━━━ Data records ━━━

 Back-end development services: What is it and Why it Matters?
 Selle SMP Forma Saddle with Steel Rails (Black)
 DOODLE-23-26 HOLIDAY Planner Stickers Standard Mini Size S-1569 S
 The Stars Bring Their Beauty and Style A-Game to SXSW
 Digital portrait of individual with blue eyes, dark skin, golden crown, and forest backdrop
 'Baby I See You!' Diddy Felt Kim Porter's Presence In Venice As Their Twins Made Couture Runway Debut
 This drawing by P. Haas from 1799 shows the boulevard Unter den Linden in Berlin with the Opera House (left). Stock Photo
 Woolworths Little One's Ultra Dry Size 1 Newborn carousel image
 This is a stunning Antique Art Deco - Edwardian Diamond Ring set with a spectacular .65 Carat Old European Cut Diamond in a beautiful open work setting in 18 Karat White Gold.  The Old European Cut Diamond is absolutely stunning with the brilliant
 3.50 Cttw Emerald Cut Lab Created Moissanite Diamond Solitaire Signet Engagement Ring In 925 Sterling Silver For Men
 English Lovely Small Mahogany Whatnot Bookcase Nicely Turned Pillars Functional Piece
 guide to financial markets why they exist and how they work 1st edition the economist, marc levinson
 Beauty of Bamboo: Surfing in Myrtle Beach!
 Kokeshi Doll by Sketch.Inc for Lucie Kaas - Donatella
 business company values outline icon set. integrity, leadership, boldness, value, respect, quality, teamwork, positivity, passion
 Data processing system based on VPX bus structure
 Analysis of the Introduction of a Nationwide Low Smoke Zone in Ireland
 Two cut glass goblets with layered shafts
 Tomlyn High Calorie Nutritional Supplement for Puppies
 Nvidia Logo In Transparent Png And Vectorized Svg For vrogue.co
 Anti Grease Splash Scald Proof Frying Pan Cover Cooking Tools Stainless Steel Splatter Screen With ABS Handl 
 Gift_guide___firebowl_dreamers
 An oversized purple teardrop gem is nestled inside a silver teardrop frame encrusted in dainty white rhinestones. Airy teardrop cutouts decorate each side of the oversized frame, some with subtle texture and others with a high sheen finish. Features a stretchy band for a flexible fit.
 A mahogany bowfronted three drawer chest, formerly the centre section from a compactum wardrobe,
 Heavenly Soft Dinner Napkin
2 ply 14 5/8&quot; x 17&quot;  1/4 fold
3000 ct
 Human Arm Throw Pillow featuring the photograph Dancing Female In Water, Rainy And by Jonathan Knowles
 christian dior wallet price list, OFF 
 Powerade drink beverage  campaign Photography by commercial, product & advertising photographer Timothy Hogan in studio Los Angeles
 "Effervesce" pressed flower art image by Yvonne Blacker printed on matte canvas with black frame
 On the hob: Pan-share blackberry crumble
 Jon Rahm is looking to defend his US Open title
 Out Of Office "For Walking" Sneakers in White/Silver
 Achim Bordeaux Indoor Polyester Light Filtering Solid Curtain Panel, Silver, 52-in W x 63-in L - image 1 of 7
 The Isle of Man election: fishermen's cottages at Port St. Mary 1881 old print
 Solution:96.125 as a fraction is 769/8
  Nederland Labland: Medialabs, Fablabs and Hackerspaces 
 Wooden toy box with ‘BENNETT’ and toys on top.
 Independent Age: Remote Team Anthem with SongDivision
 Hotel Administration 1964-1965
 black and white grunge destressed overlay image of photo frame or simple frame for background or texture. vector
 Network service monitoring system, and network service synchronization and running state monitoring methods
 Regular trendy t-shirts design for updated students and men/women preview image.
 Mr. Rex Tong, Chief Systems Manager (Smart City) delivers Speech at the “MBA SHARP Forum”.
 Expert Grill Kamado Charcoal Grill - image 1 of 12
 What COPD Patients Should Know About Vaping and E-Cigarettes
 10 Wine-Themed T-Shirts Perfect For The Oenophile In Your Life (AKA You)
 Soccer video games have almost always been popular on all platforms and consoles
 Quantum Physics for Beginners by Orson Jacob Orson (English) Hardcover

━━━

▸ **Prompt**: Every line from the one containing "Regular trendy t-shirts" to the end of the entries must be set down exactly, with none omitted and none added.

▸ **Written solution**:
 Regular trendy t-shirts design for updated students and men/women preview image.
 Mr. Rex Tong, Chief Systems Manager (Smart City) delivers Speech at the “MBA SHARP Forum”.
 Expert Grill Kamado Charcoal Grill - image 1 of 12
 What COPD Patients Should Know About Vaping and E-Cigarettes
 10 Wine-Themed T-Shirts Perfect For The Oenophile In Your Life (AKA You)
 Soccer video games have almost always been popular on all platforms and consoles
 Quantum Physics for Beginners by Orson Jacob Orson (English) Hardcover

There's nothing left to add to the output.